Восприятие музыки помогало Чехову в создании «правдивости настроения», которое доносит до нас огромные лирические богатства творчества писателя. Музыка помогала Чехову ощутить произведений как сложное эмоциональное, смысловое единство. Музыка оказала глубокое влияние на композицию чеховских рассказов. А по существу, композиция – это идея произведений, выраженная в его построении.
Некоторые произведения Чехова производят впечатление совершенного музыкального симфонического целого. Композитор В. П. Соловьев-Седой вспоминает, что его учитель, воспитатель плеяды советских композиторов, профессор Ленинградской консерватории П. Б. Рязанов, иллюстрировал учение о музыкальных формах анализом рассказов Чехова. Так, рассказ «Полинька» (1887 г.) (авторское) для П. Б. Рязанова служил примером «полифонической формы, основанной на контрапункте внешнего и внутреннего действия».
Музыкальность композиции с особенной наглядностью проявляется в «бессюжетных» рассказах Чехова. Жанр «бессюжетной» новеллы утвердился в творчестве Чехова во второй половине 80-х годов, отмеченных бурным творческим созреванием писателя. Знаменательно то, что именно в это время музыка, и прежде всего Чайковского, заняла особенно большое место в жизни Чехова. Музыкальная стихия, так ясно ощущаемая в творчестве раннего Чехова, теперь как бы вырывается на поверхность. Писатель создает ряд замечательных рассказов («Мертвое тело», «Свирель», «Счастье»).
Динамика сюжетов этих рассказов очень близка музыке, это и заставляет читателя с особой внимательностью следить за развитием действия в произведении.
С особенной силой музыкальное начало ощущается в чеховских пьесах. «Любая пьеса Чехова подобна музыкальному произведению», – сказал французский писатель Андре Моруа. Об этом говорят и другие писатели, артисты, режиссеры. Музыкальное начало в пьесах Чехова великолепно чувствовали великие императоры чеховской драматургии, основатели Московского Художественного театра К. С. Станиславский и В. И. Немирович-Данченко.
Для В. И. Немировича-Данченко и К. С. Станиславского чеховские пьесы близки музыке Чайковского: «Чеховскую поэзию можно сравнить с музыкальным произведением Чайковского, чем с какой-нибудь бытовой пьесой, хотя автор последней и был кто-либо из классиков» (В. И. Немирович-Данченко); «Чехов был на сцене не только поэтом, но и чутким режиссером, критиком, художником и музыкантом. Недаром, говоря о Чехове, вспоминаешь пейзаж Левитана и мелодии Чайковского» (К. С. Станиславский).

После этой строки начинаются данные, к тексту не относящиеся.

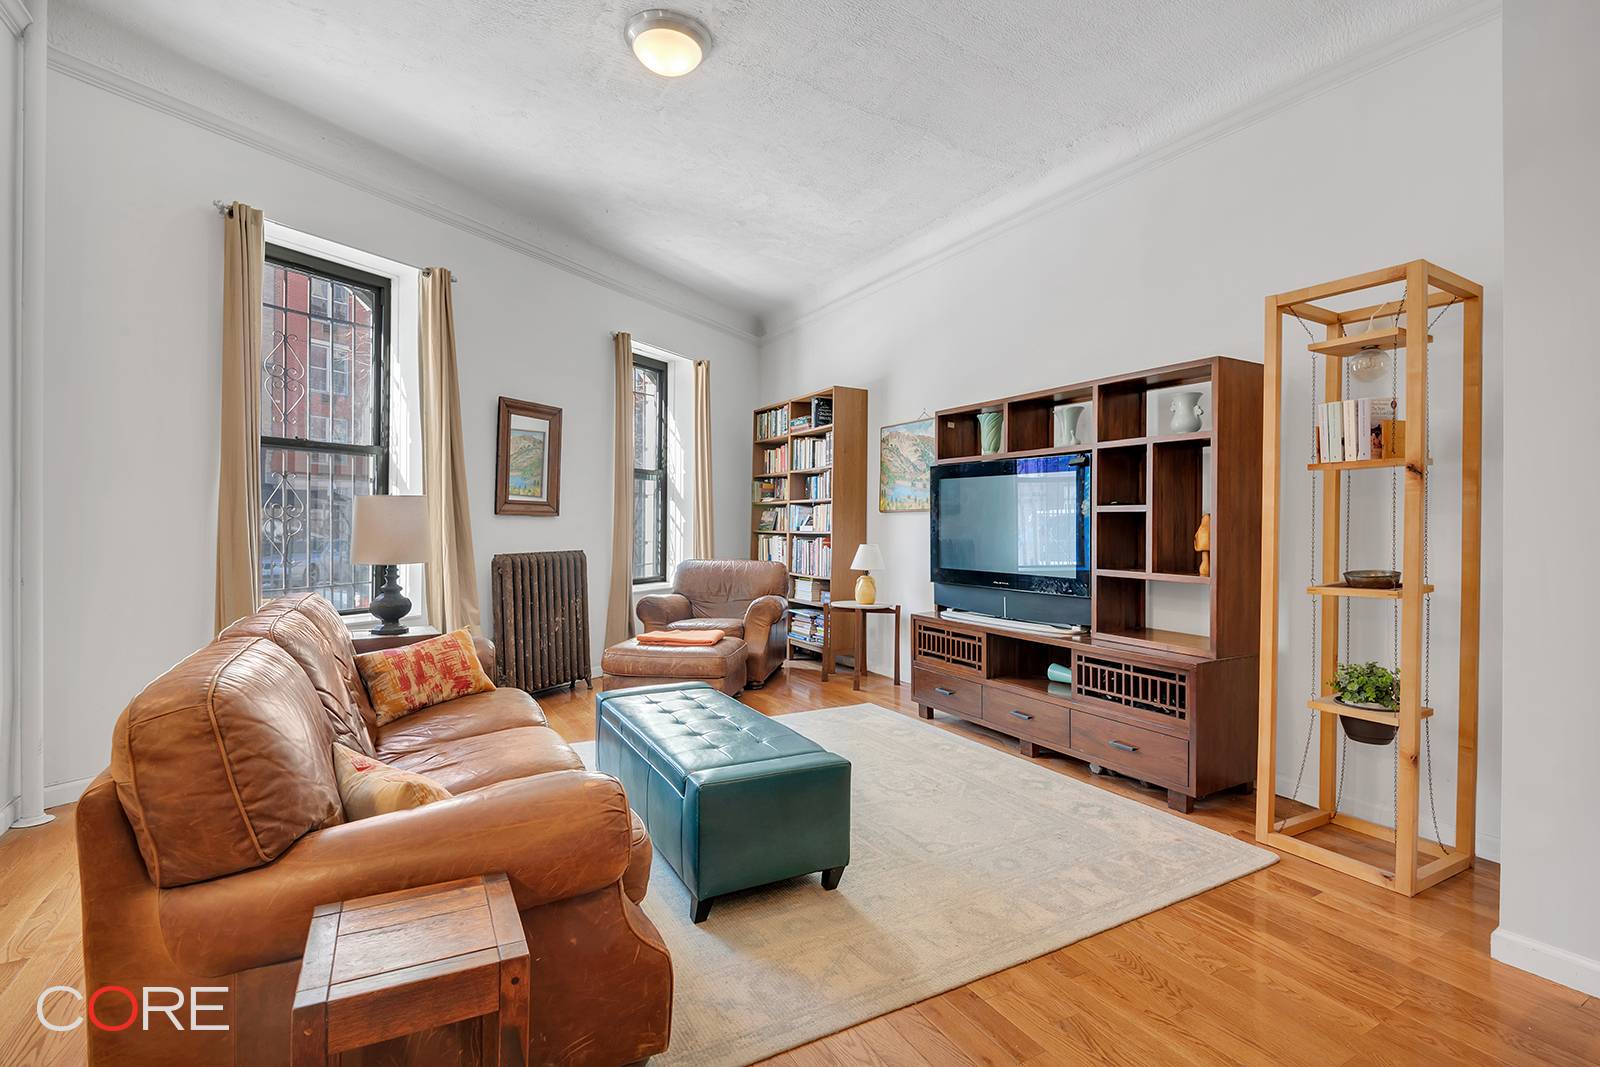 Welcome to apartment 1, a two bedroom convertible to three, one a half bath HDFC co op in Harlem.

Музыка обостряла у Чехова поэтическое видение мира, углубляла понимание внутренней жизни человека.
Чехов-художник умеет «понимать и описывать», казалось бы, не поддающиеся изображению словом душевные состояния, умеет раскрыть внутреннее богатство своих героев, заставить нас во всей полноте ощутить их душевное изящество, красоту мыслей и чувств.

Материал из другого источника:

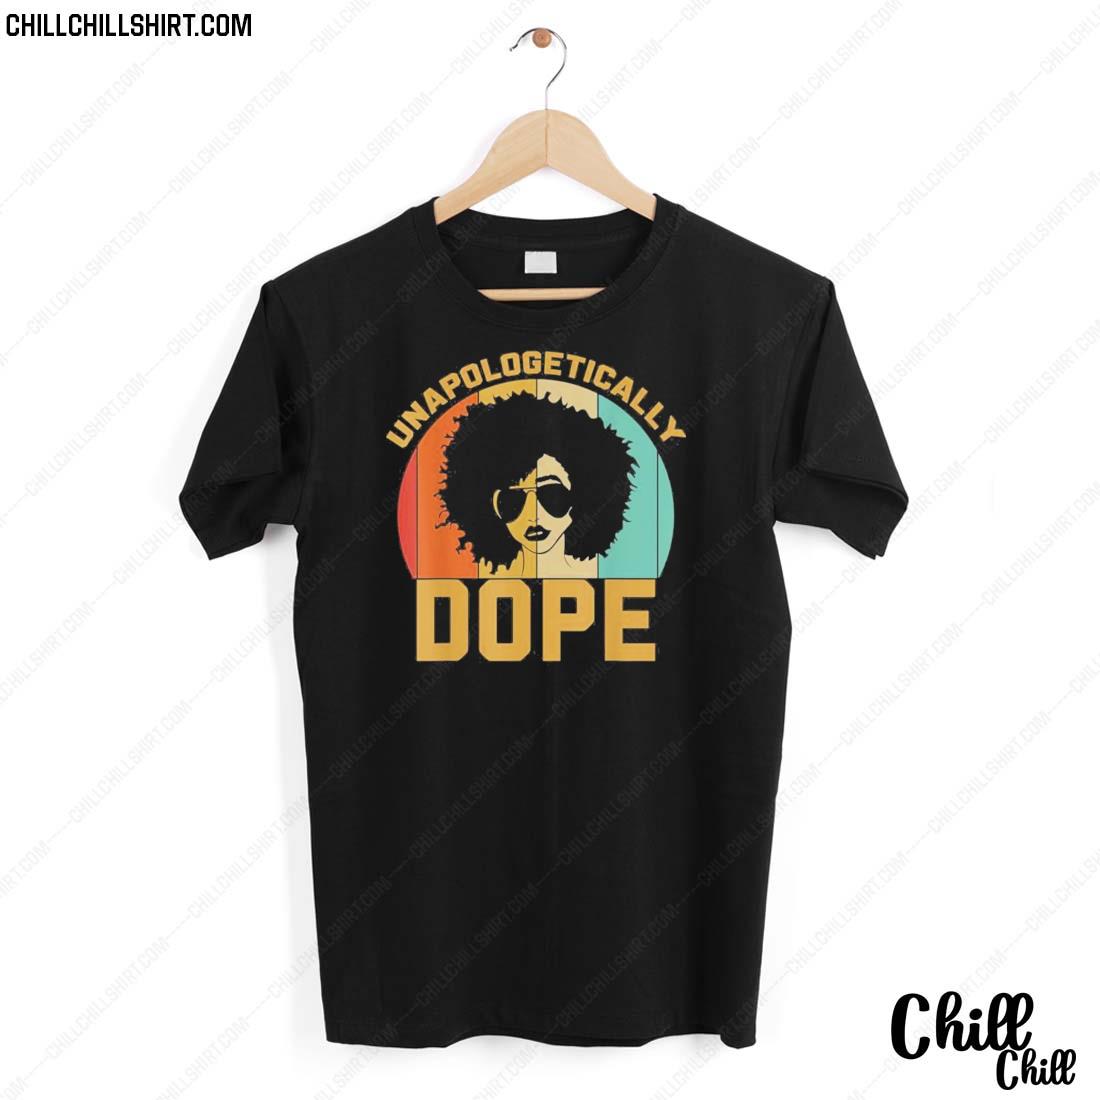 Official awesome Unapologetically Dope Shirt

В этом отношении Чехов очень близок к Чайковскому, который дал замечательное определение процесса создания инструментального музыкального произведения: «Это чисто лирический процесс. Это музыкальная исповедь души, на которой многое накипело и которая по существенному свойству своему изливается посредством звуков, подобно тому, как лирический поэт высказывается стихами. Разница только та, что музыка имеет несравненное более могущественные средства и более тонкий язык для выражения тысячи различных моментов душевного настроения»

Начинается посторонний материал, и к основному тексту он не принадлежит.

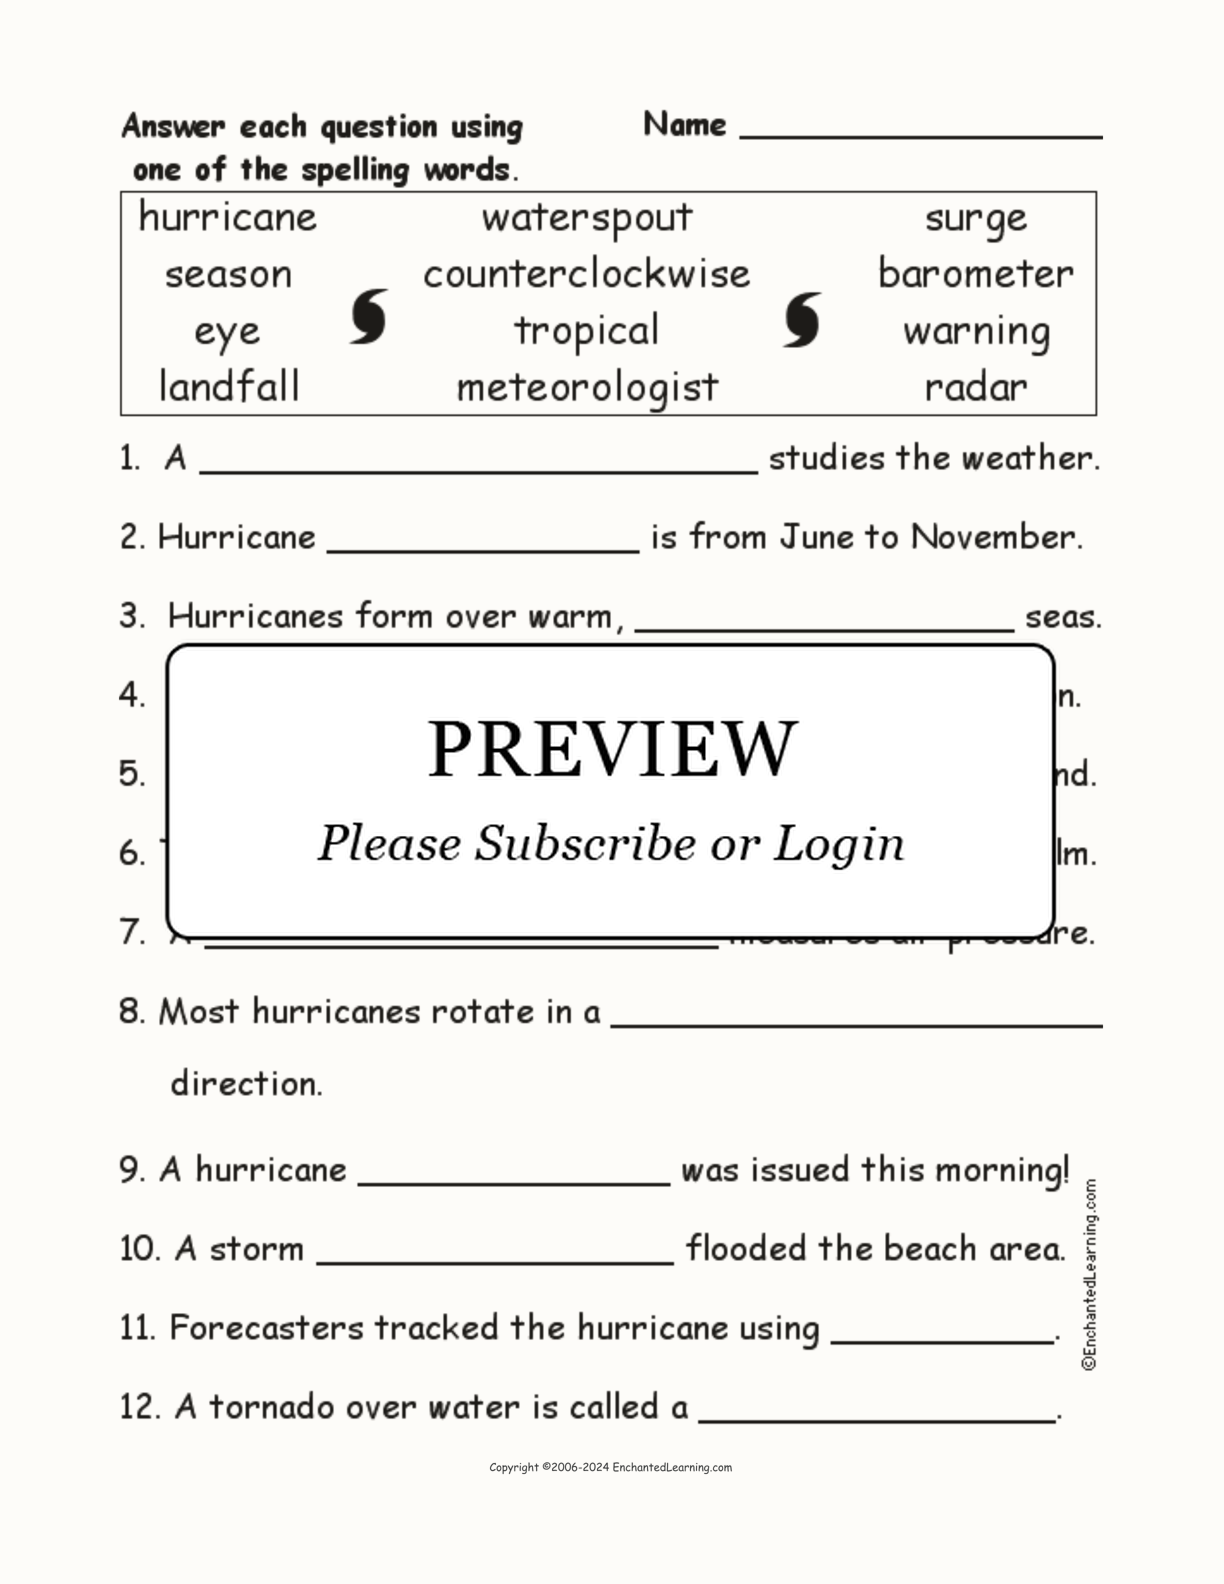 Hurricane Spelling Word Questions interactive worksheet page 1

«В живописи интимных выражений и внутренних движений души Чайковский едва ли имел соперников между своими современниками-композиторами» – утверждал Н. Д. Кашкин. «Чайковский – поэт тончайших душевных движений», – писал Д. Д. Шостакович.
Музыкальное начало является важным художественным средством в психологическом раскрытии образов чеховских героев. Музыка со всей непосредственностью связывает жизнь Чехова с миром гармонии, поэзии, красоты. В архиве Чехова сохранилась одна запись, хорошо передающая отношение к музыке самого писателя и его героев. Запись эта сделана на отдельном листке, и текст сразу начинается с размышлений действующего лица произведения:
«Все это в сущности глупо и бестолково, и поэтическая любовь представляется такою же бессмысленной, как снеговая глыба, которая бессознательно валится с горы и давит людей…»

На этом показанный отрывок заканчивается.